Words used in the story may be offensive to some, but are integral to the report.

Some of the audio for this story is courtesy of WTMJ-TV, the Wisconsin Historical Society, and the Archives Department, University of Wisconsin-Milwaukee Libraries.

By the 1950s, most black Milwaukee residents lived in the inner core of the city. And because neighborhoods were segregated, so were public schools. That didn't sit well with the late attorney and assemblyman Lloyd Barbee. He started agitating for school integration in Milwaukee in the early '60s.

"We emphasize the psychological effects upon both the white children and the Negro children, and the fact that it is harmful for whites growing up in a world which is not all white to go to a homogenous school only with whites, and the same with Negroes," Barbee said.

Barbee and other civil rights activists said there was de facto segregation in Milwaukee. While it wasn't the law, it was the practice. They also said black schools were overcrowded, and the education was inferior.

Activists started going to school board meetings, and participated in marches and rallies. In 1964, they organized a one-day school boycott.

At a news conference, Mayor Henry Maier urged parents to keep their kids in school. More than 7,000 stayed home.

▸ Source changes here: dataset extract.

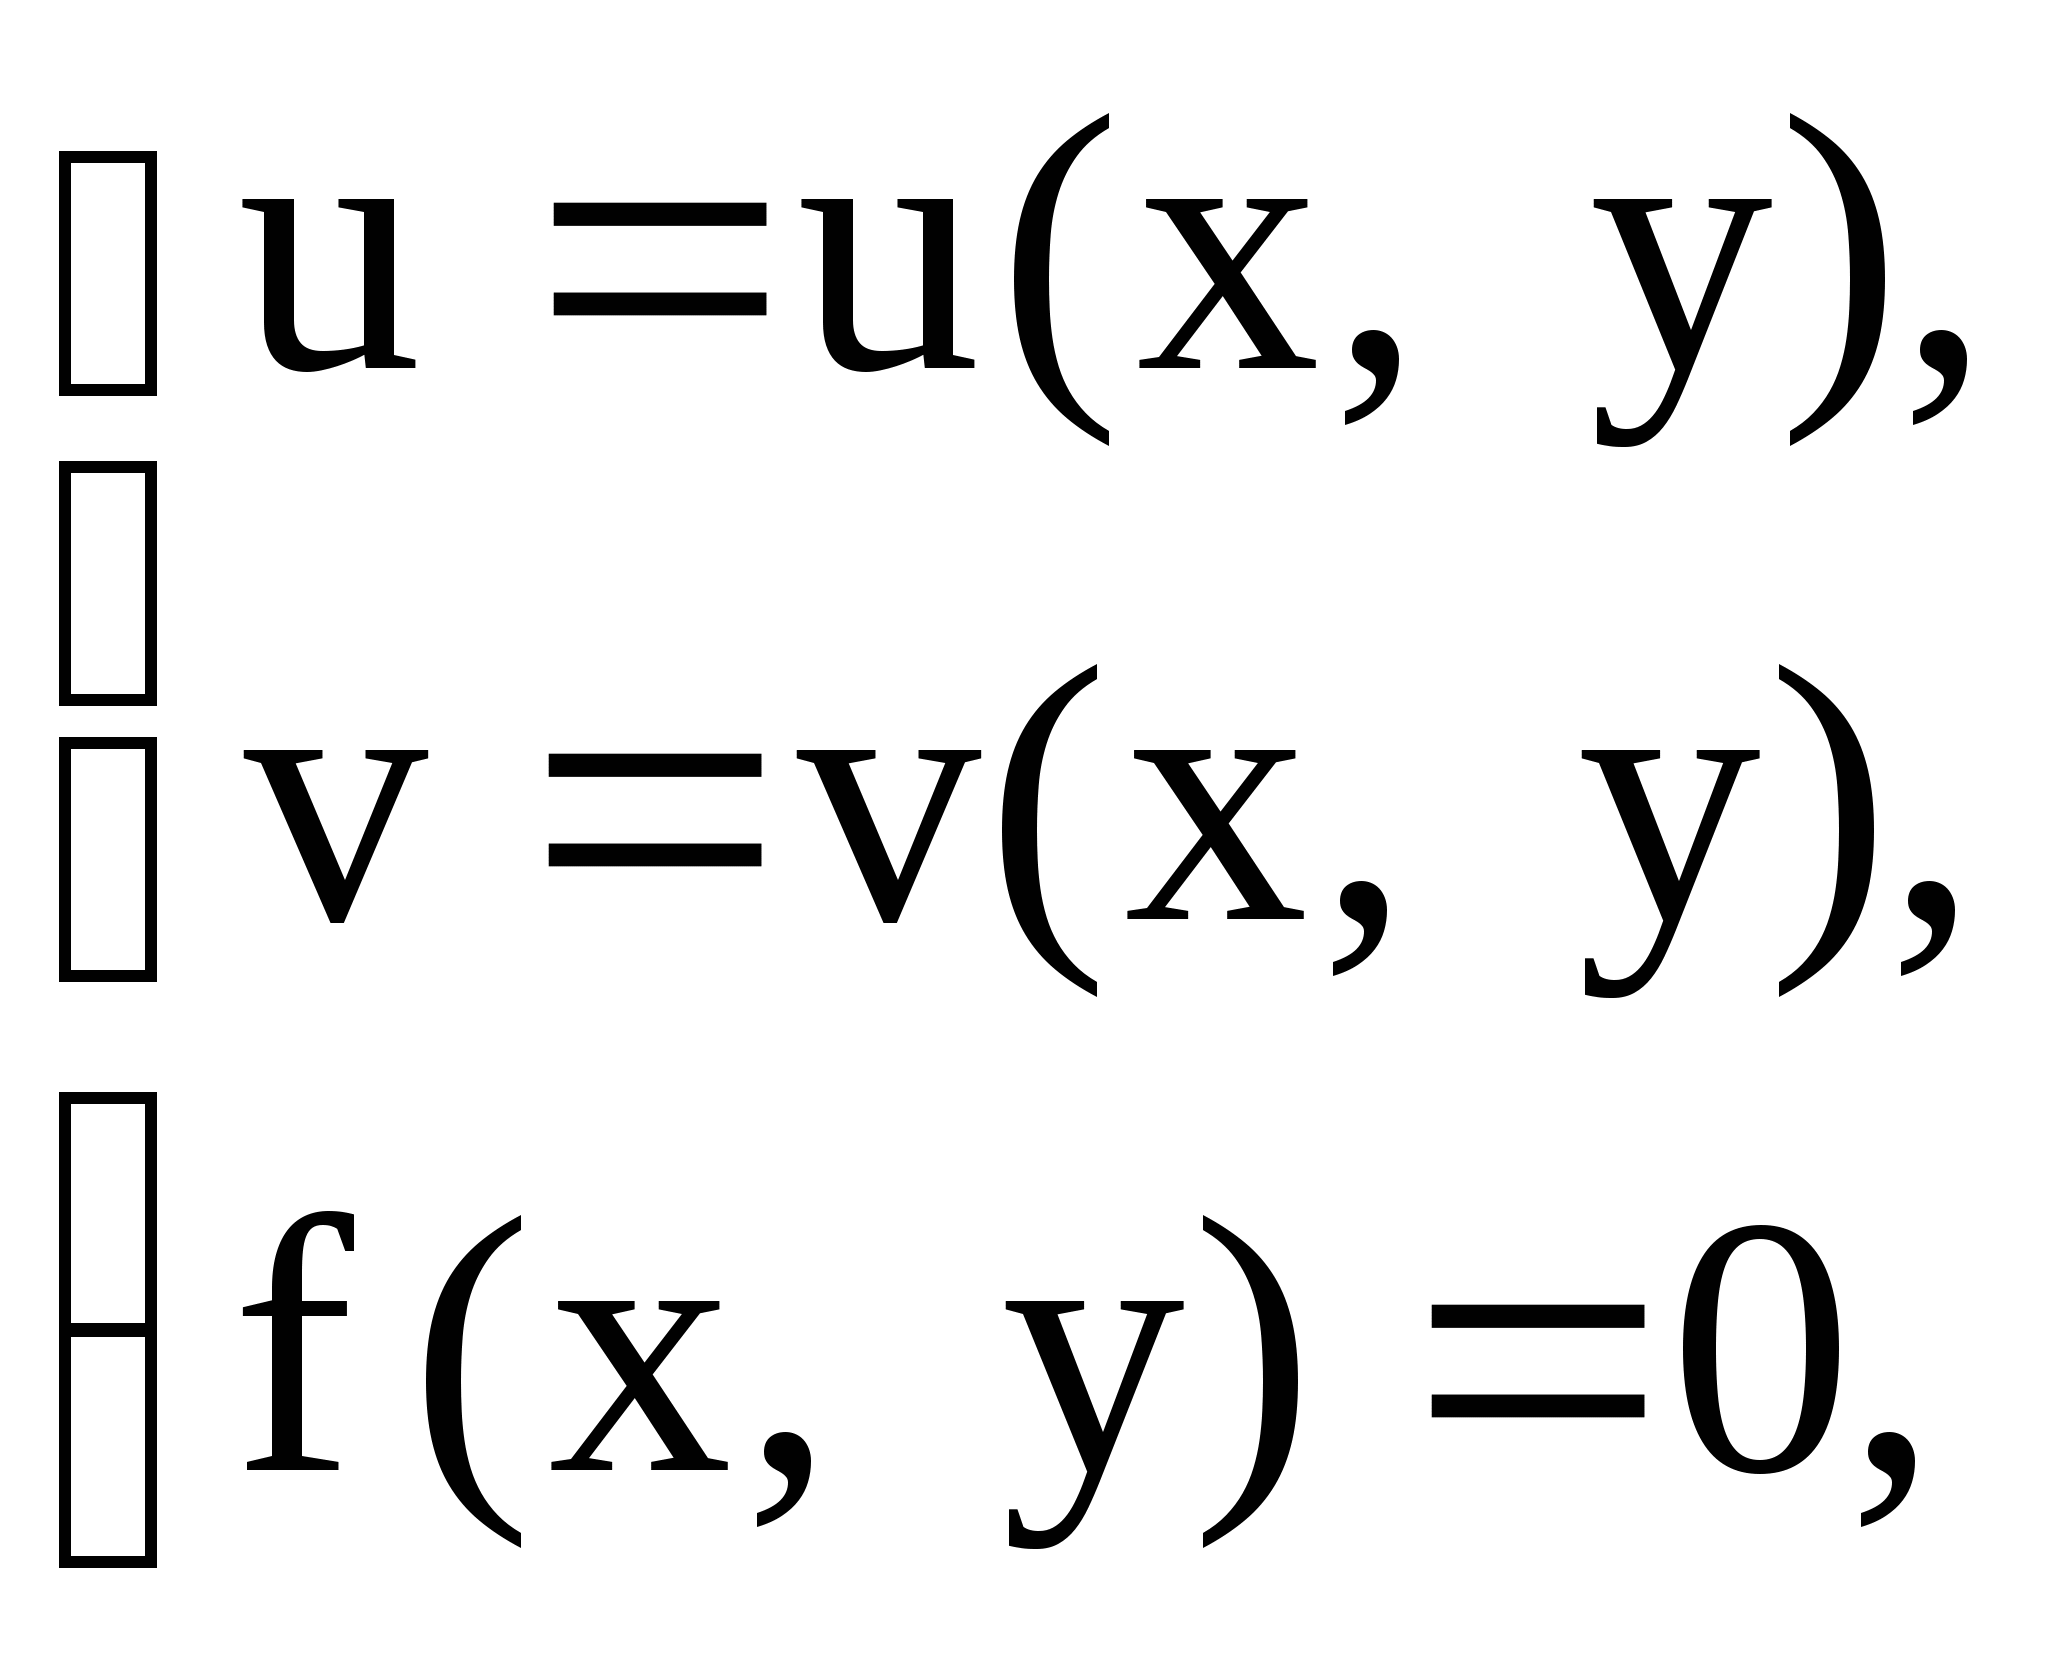 Практикум по комплексным числам и функциям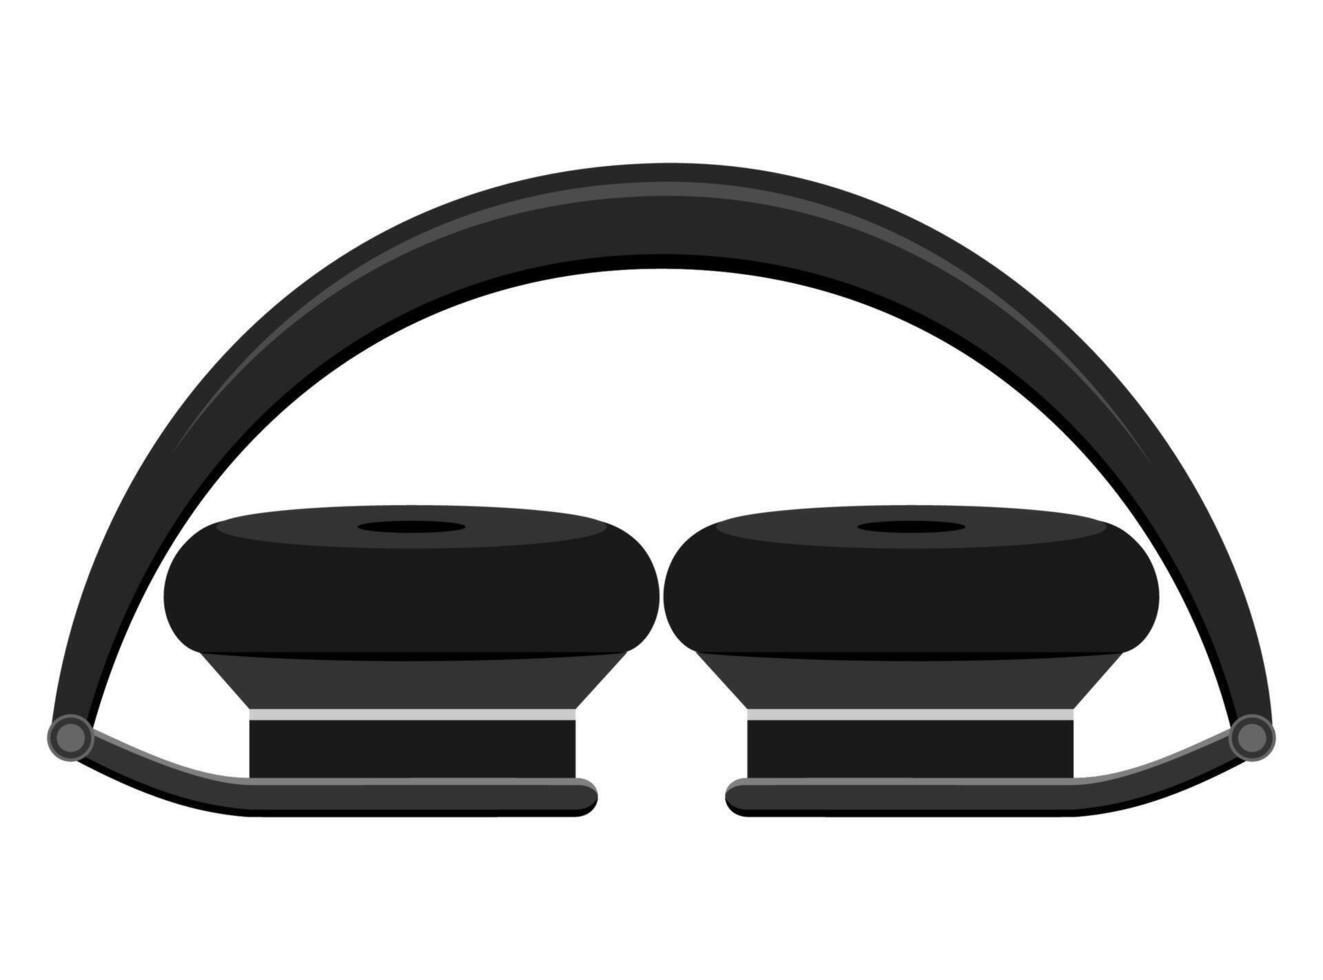 realistische schwarze Kopfhörer stock vector Illustration lokalisiert auf weißem Hintergrund

"And I am concerned principally for the children, both Negro and white. It seems to me that the demonstration may harden racial barriers in their young minds for generations to come," Maier said.

The next year, Barbee filed a lawsuit against the school board. Professor Jack Dougherty of Trinity College in Connecticut wrote a book about the push for equality in Milwaukee schools. He says it took more than a decade to end segregation.

"The court system in the United States wasn't really clear about what should happen in what they called de facto segregation cases, where there was no clear evidence -- at least at that time -- of intent to segregate by the school district," Dougherty says.

In 1976, a federal judge ordered the Milwaukee school district to come up with an integration plan. The district started busing thousands of black children to white schools. The administration also created specialty schools in black neighborhoods to attract whites -- limiting the seats for black children.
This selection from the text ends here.